● Data block
----
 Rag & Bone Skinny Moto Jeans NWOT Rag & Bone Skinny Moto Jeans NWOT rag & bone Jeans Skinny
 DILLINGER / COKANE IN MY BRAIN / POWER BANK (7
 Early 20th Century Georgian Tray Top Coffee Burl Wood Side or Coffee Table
----
● Exercise brief
For this exercise, return the material above in full and exactly.

● Output
 Rag & Bone Skinny Moto Jeans NWOT Rag & Bone Skinny Moto Jeans NWOT rag & bone Jeans Skinny
 DILLINGER / COKANE IN MY BRAIN / POWER BANK (7
 Early 20th Century Georgian Tray Top Coffee Burl Wood Side or Coffee Table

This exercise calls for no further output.